**Exercise prompt**
Only one span of the material below is wanted. Output it exactly, from the line with "Cama con forma" through the line with "związków organicznych akrylonitryl", without any pictures.

**Listed entries**
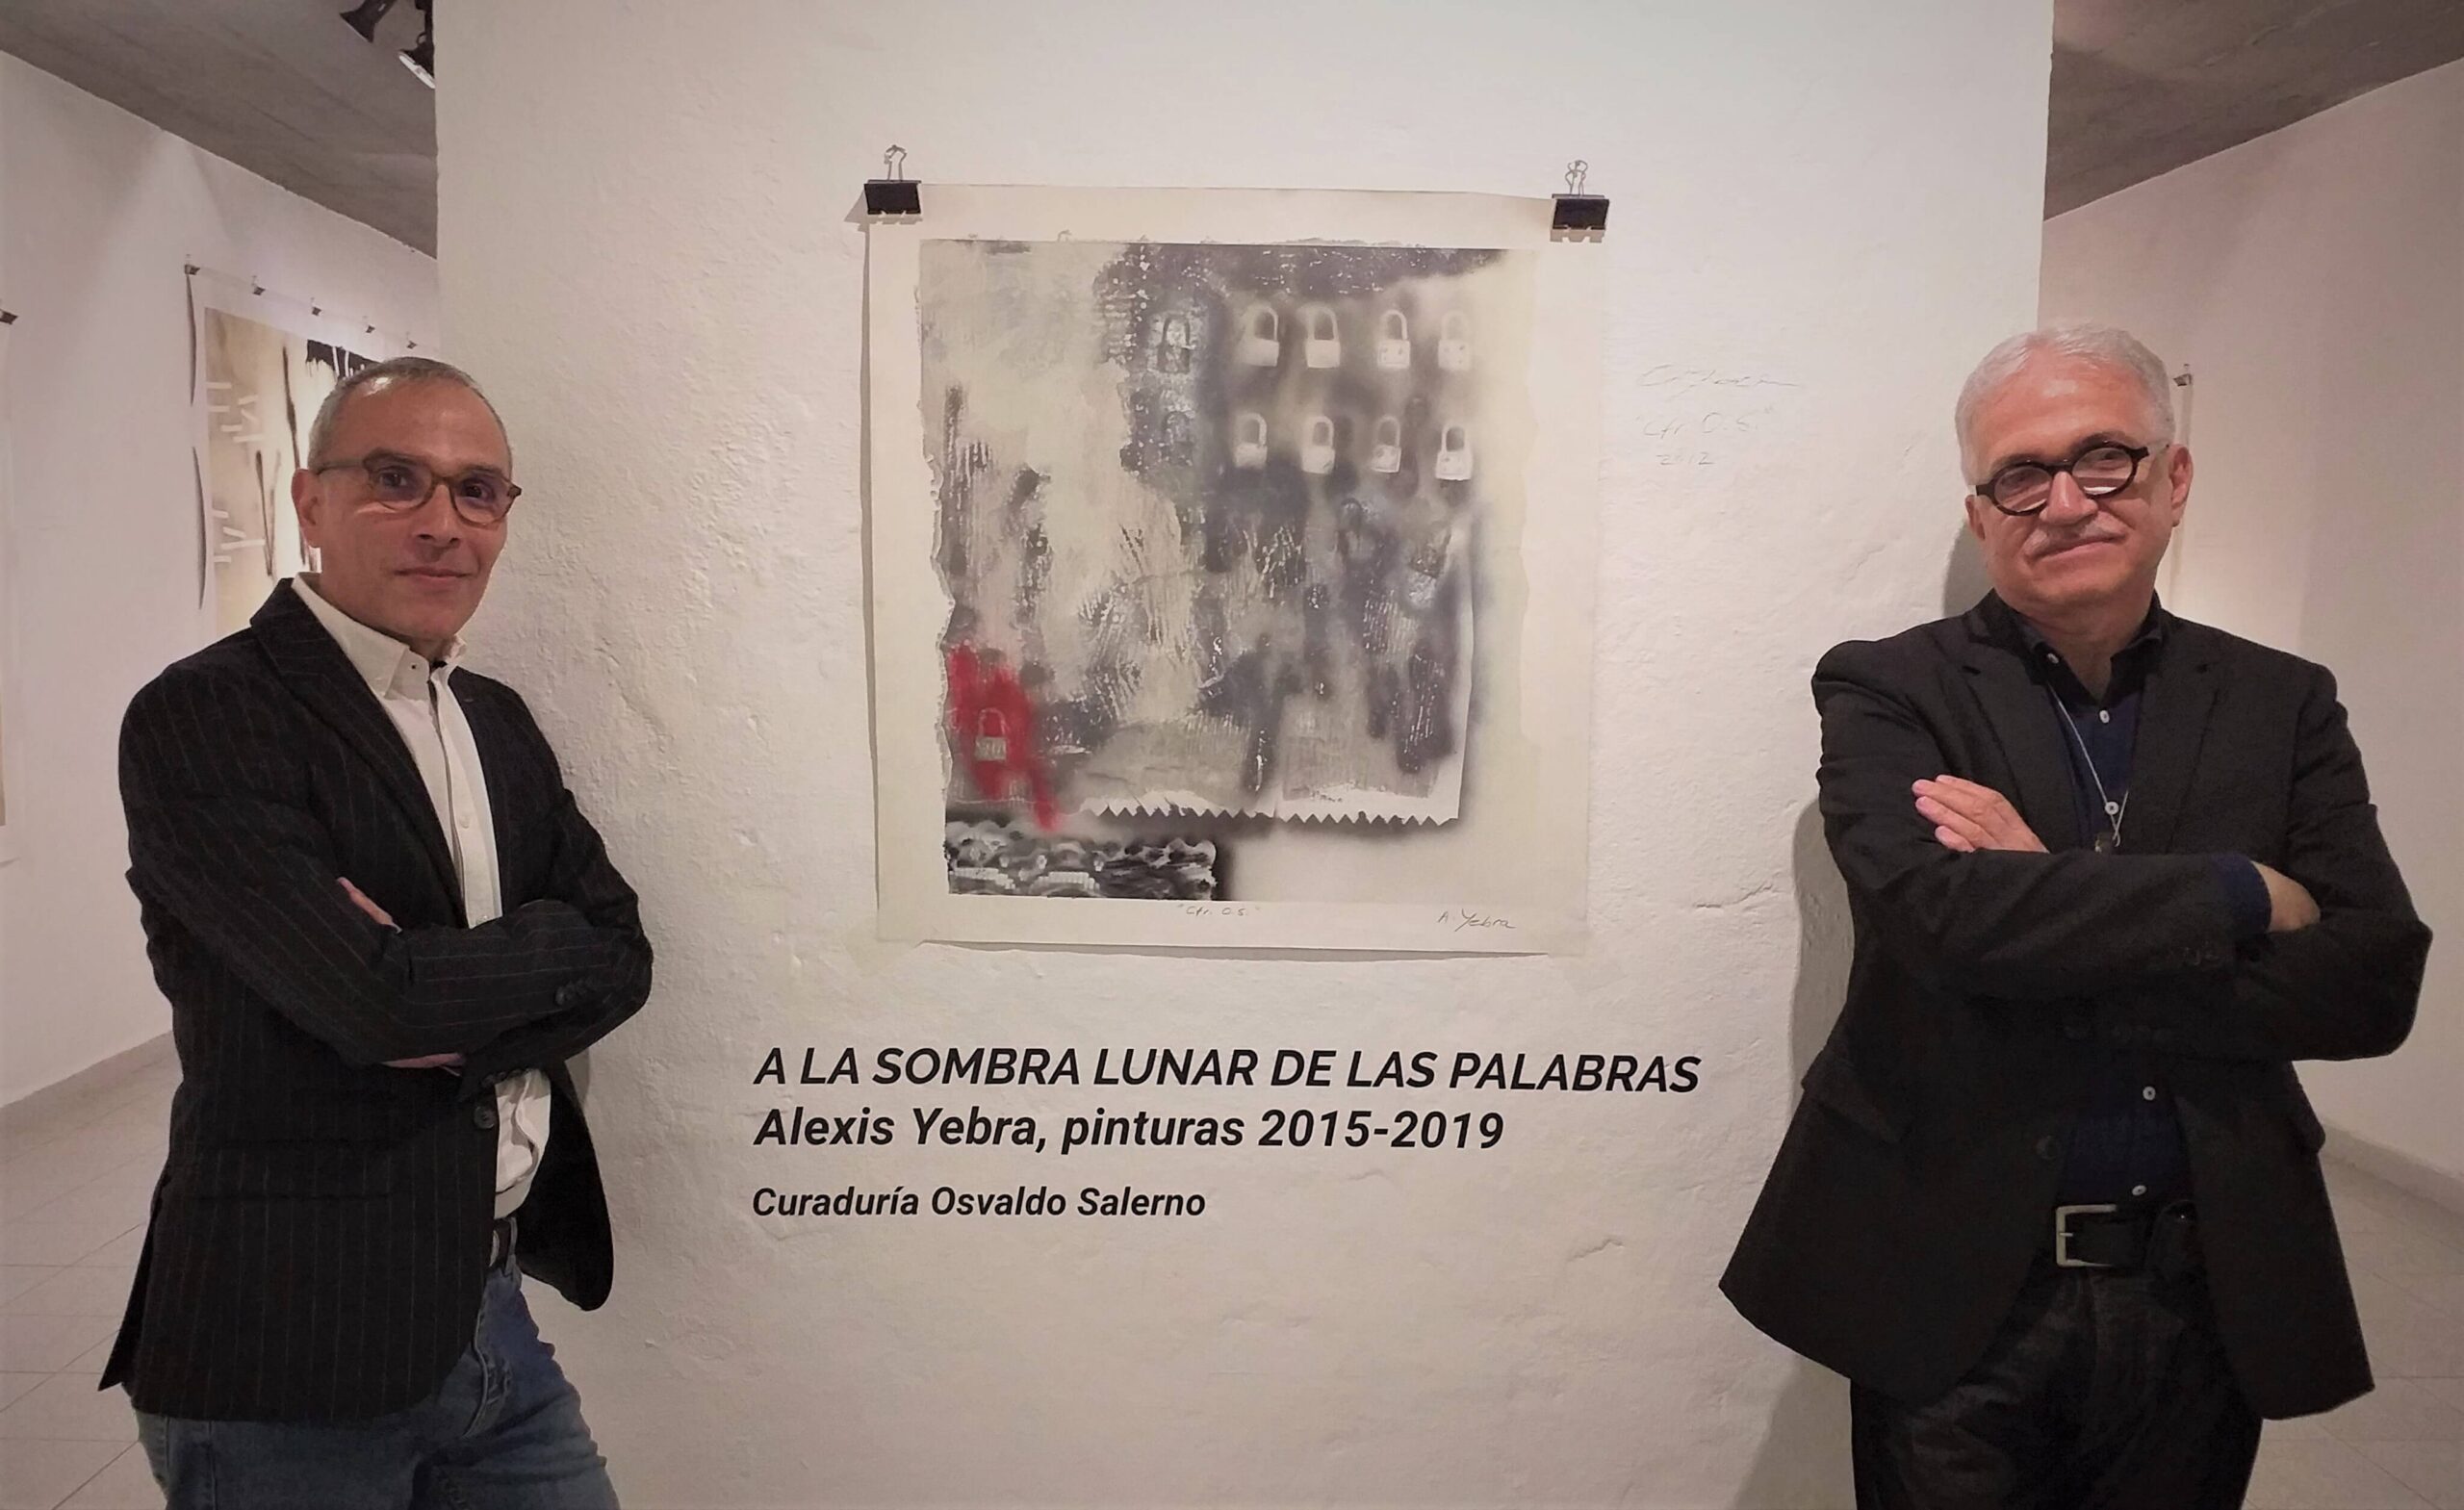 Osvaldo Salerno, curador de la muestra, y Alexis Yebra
* * *
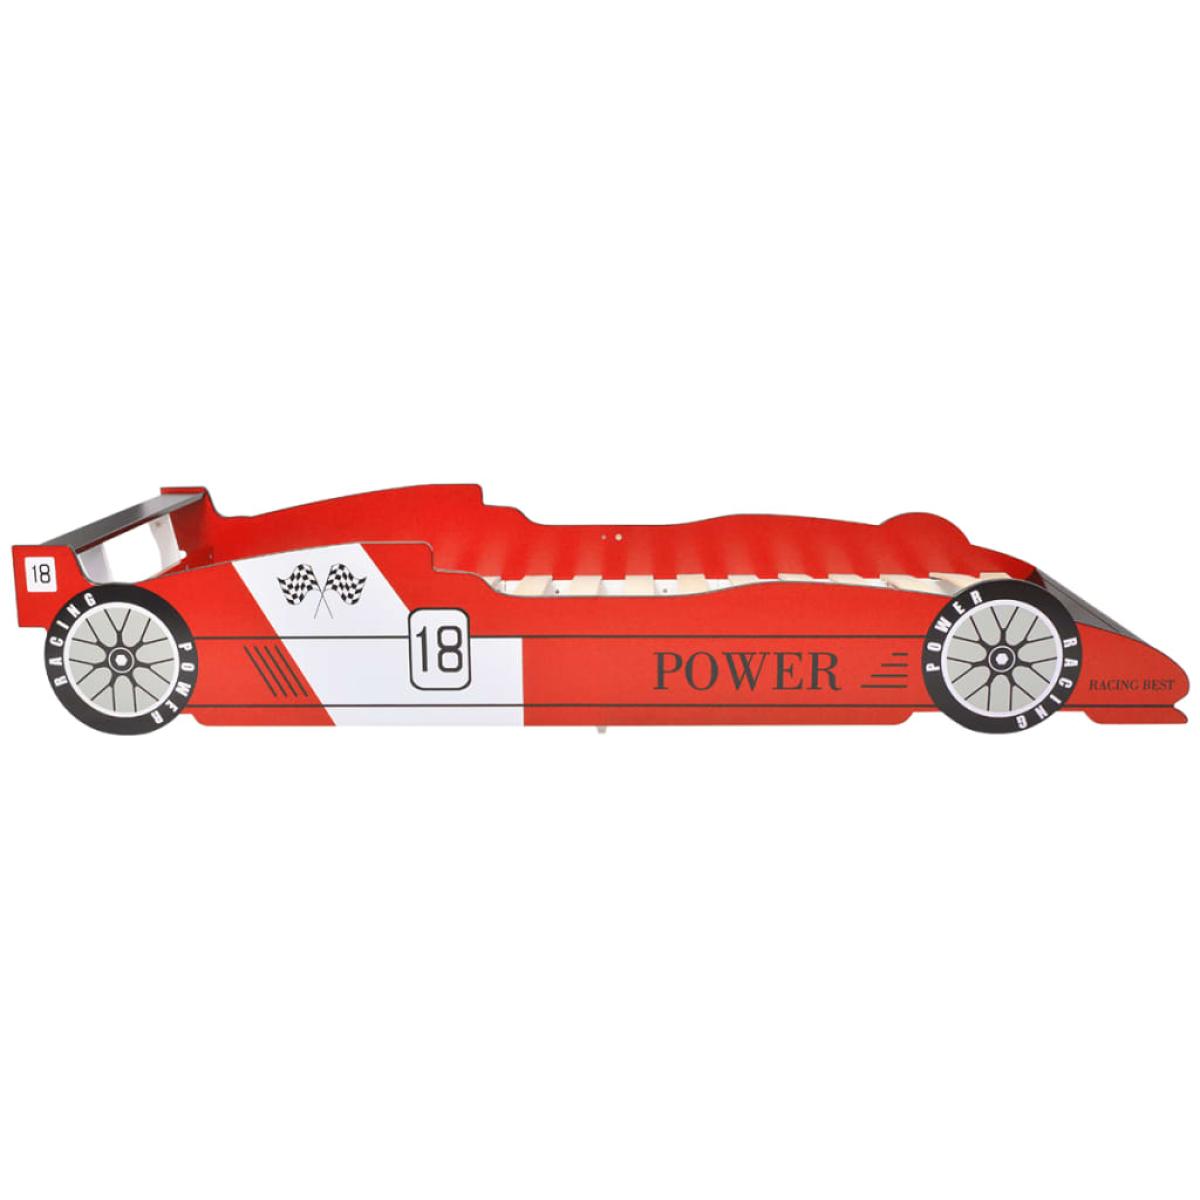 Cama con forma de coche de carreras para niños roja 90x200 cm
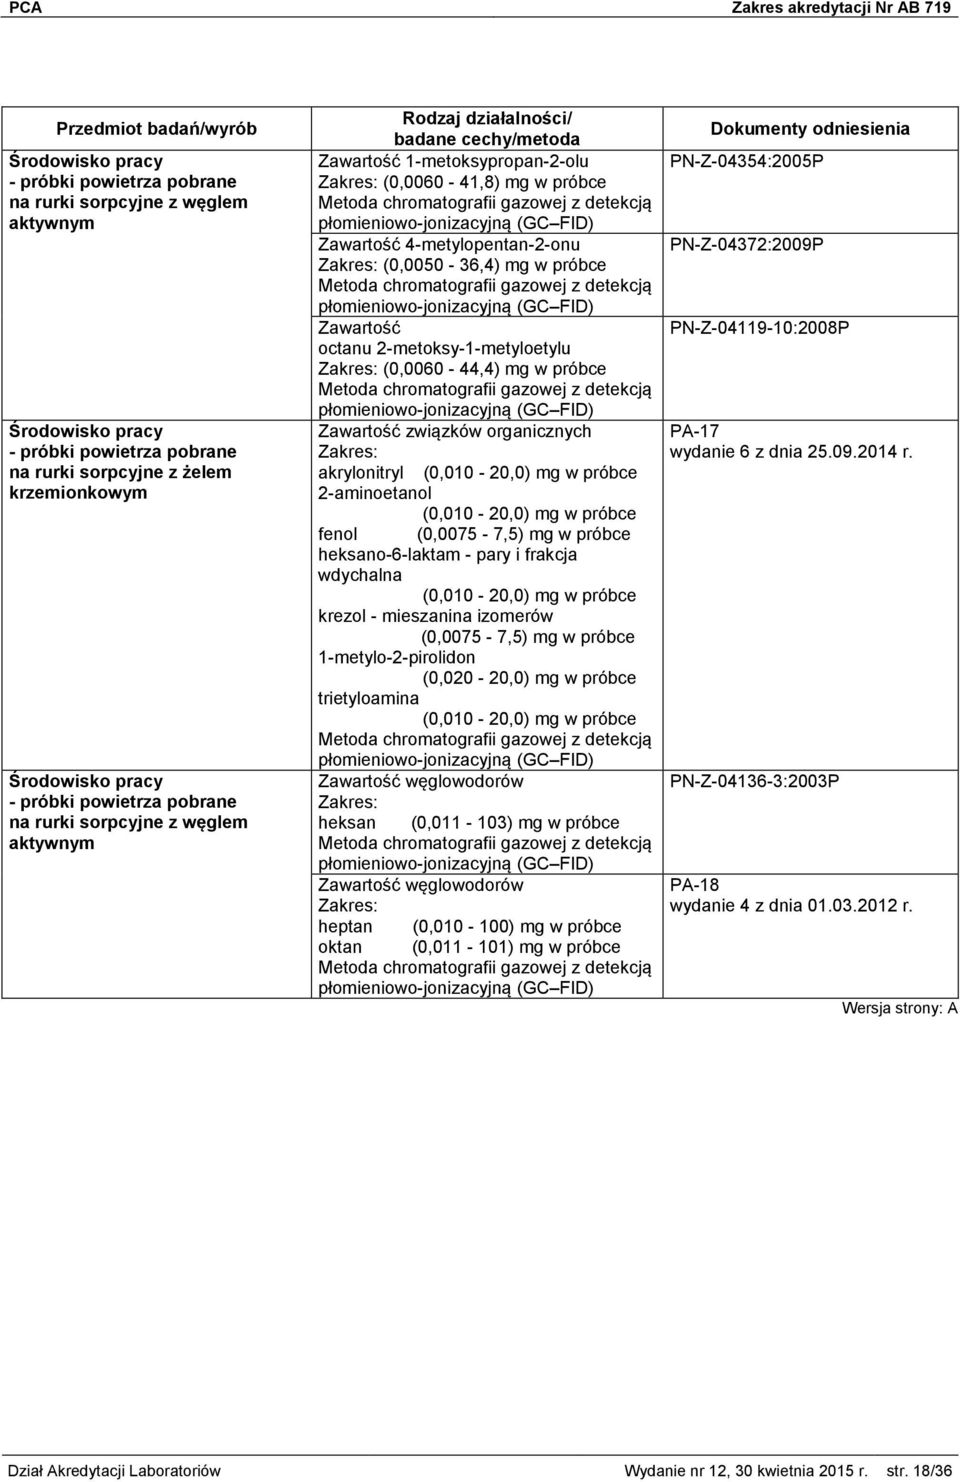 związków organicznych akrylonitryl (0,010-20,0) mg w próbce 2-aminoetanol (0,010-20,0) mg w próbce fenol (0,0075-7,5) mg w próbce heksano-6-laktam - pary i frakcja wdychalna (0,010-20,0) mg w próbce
---
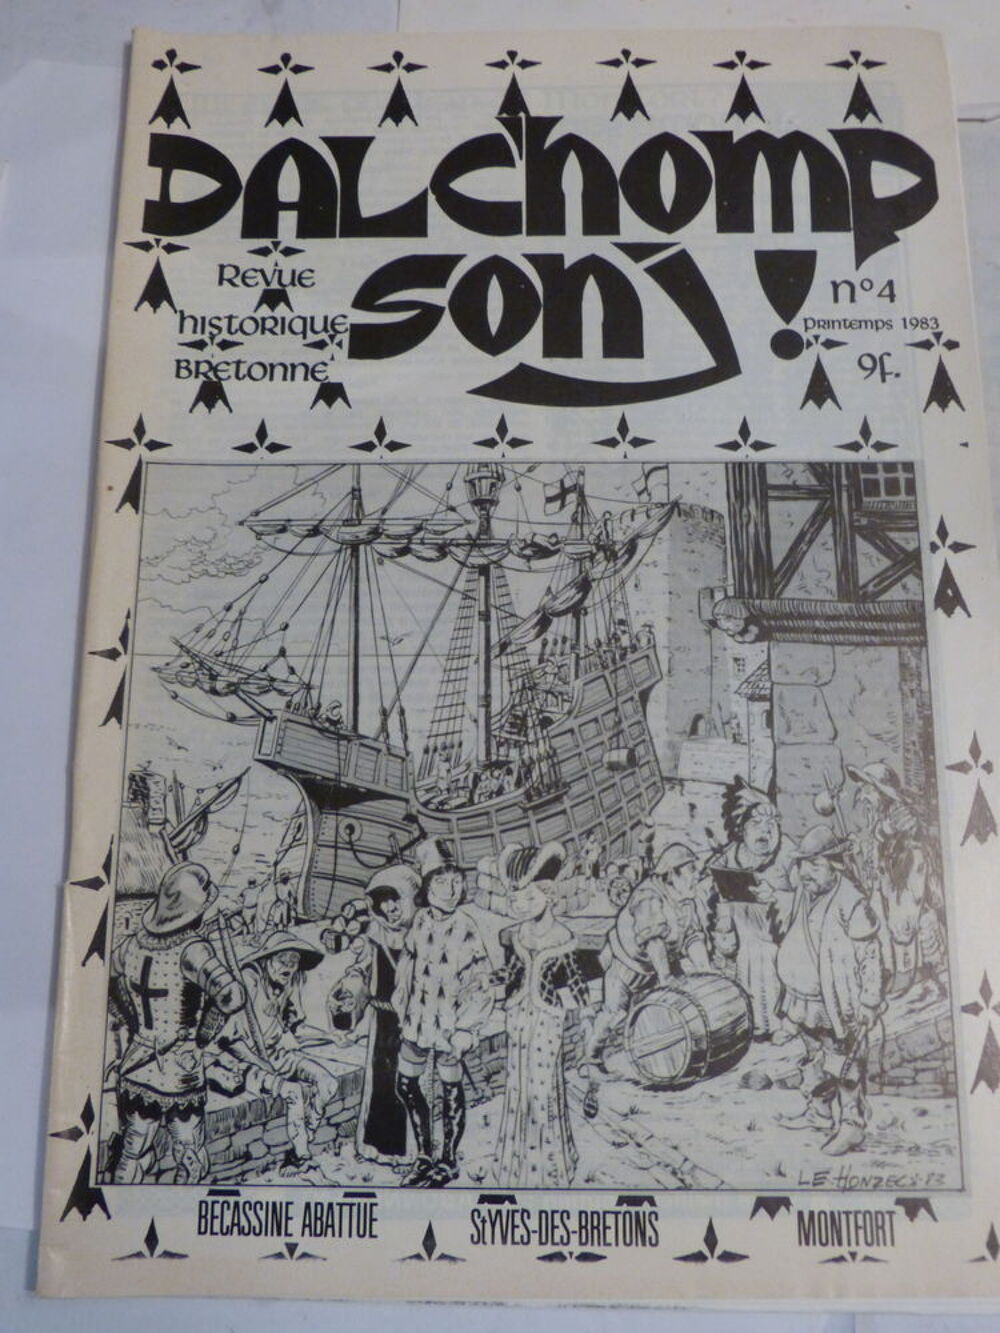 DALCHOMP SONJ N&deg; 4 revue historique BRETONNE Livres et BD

**Exercise answer**
 Cama con forma de coche de carreras para niños roja 90x200 cm
 związków organicznych akrylonitryl (0,010-20,0) mg w próbce 2-aminoetanol (0,010-20,0) mg w próbce fenol (0,0075-7,5) mg w próbce heksano-6-laktam - pary i frakcja wdychalna (0,010-20,0) mg w próbce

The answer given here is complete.